How University Assessment Differs from Exam-Board Marking
Standardised Exams: Fixed Criteria and Public Rubrics
EssayHero's original configurations were built for standardised exams: HKDSE, IELTS, Cambridge IGCSE. These exams have published marking criteria, official band descriptors, and examiner-graded exemplar essays.
The AI's job is to apply those criteria consistently. The criteria are fixed, the mark schemes are public, and calibration is straightforward because you can validate against official scores.
University Law: A Different Problem
University law essays are a different problem. There is no single published rubric that every law school uses. Expectations vary by institution, by module, and by lecturer.
A first-year contract law problem question and a third-year jurisprudence essay require fundamentally different skills. The "right answer" isn't a band on a scale but a demonstration of legal thinking.

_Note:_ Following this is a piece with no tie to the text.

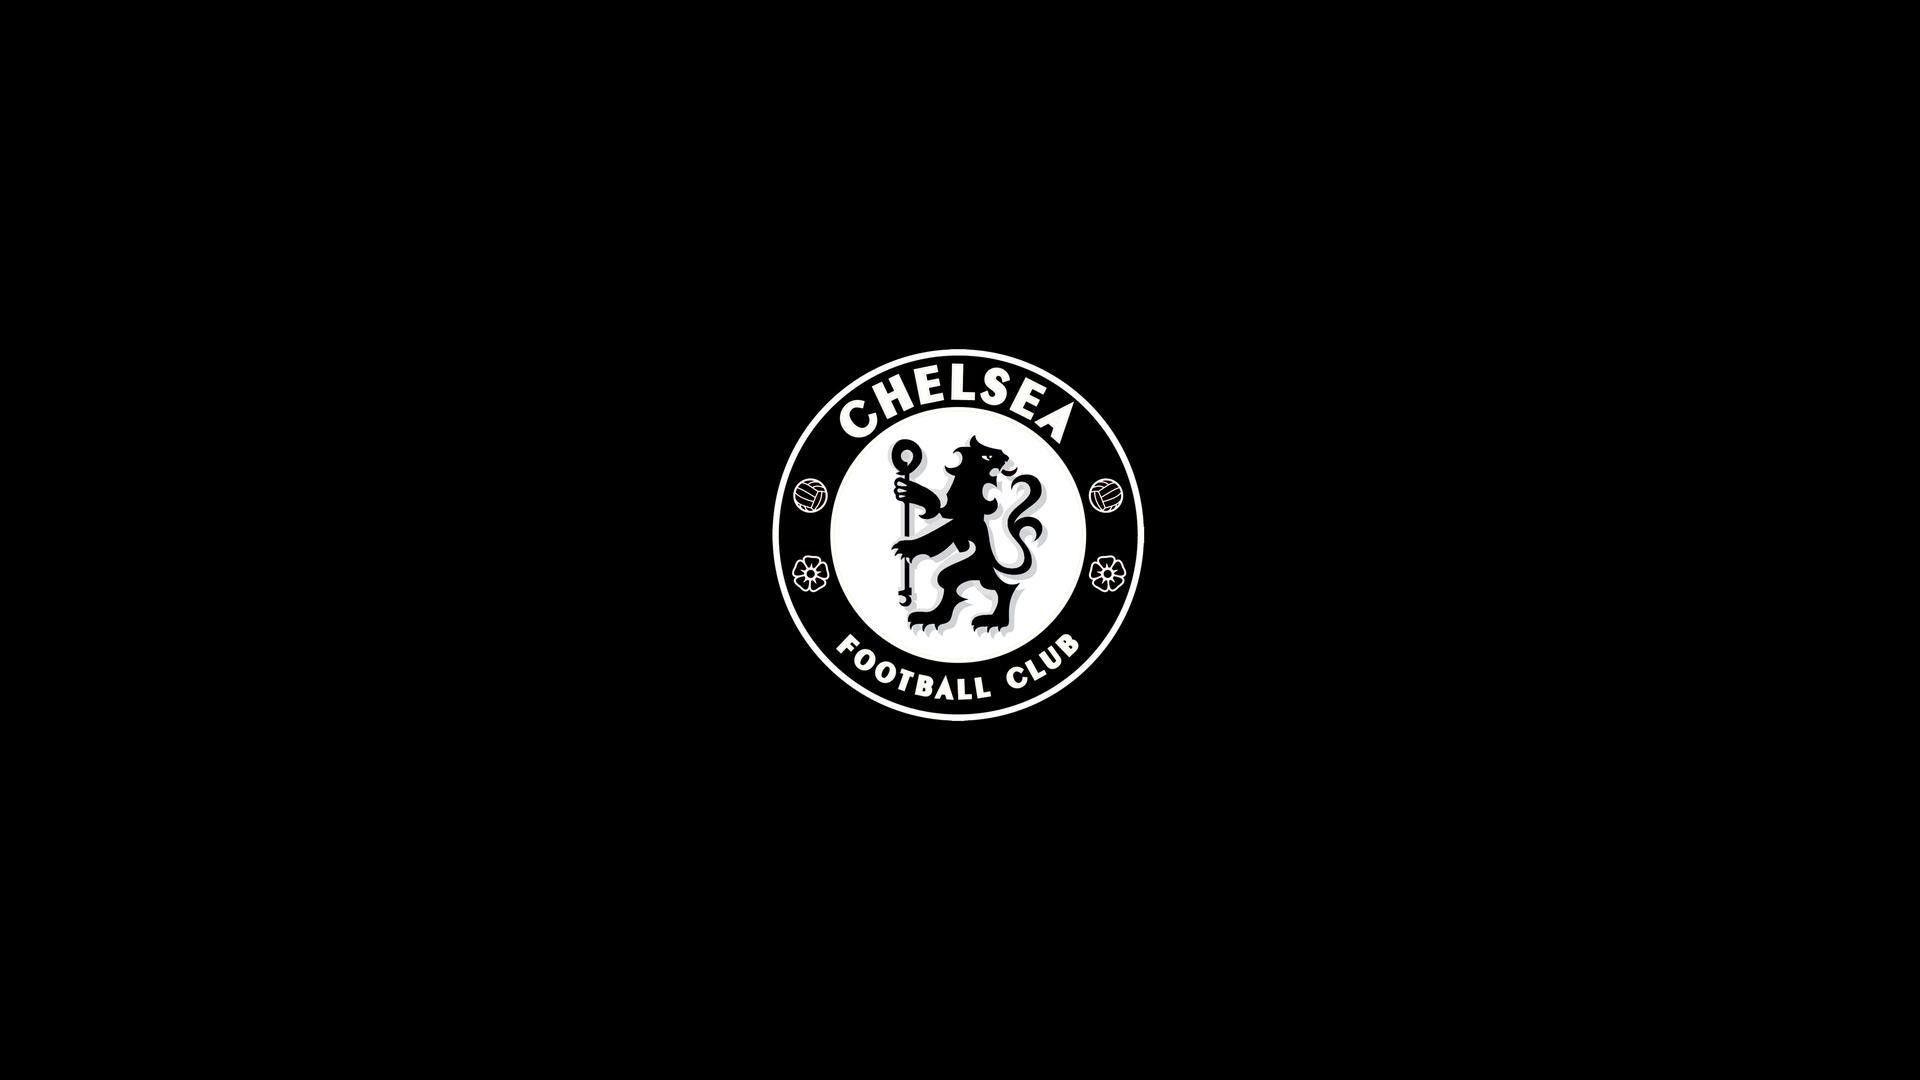 1920x1080 Chelsea Logo Black Wallpaper Hd 2016 In Soc Cer Wallpapers Hd Chelsea Logo Chelsea Wallpapers Chelsea Wallpaper

Building Law-Specific Criteria
So building a university law configuration meant starting from different assumptions. Instead of replicating an exam board's mark scheme, we built assessment criteria around what experienced law lecturers consistently look for across institutions:
- Legal reasoning quality — How the student identifies issues and applies rules
- Use of authority — Case law and statutory citations in context
- Argumentation structure — Thesis development and logical flow
- Academic writing precision — Legal terminology and clarity
These aren't generic. They're informed by how law is actually taught and assessed in common law jurisdictions.
Percentage-Based Scoring
The scoring scale is different too. Instead of HKDSE's 1-7 per criterion or IELTS's 0-9 bands, law essays are scored 0-25 on each of four criteria, totalling 0-100. This mirrors the percentage-based marking that most university law faculties use.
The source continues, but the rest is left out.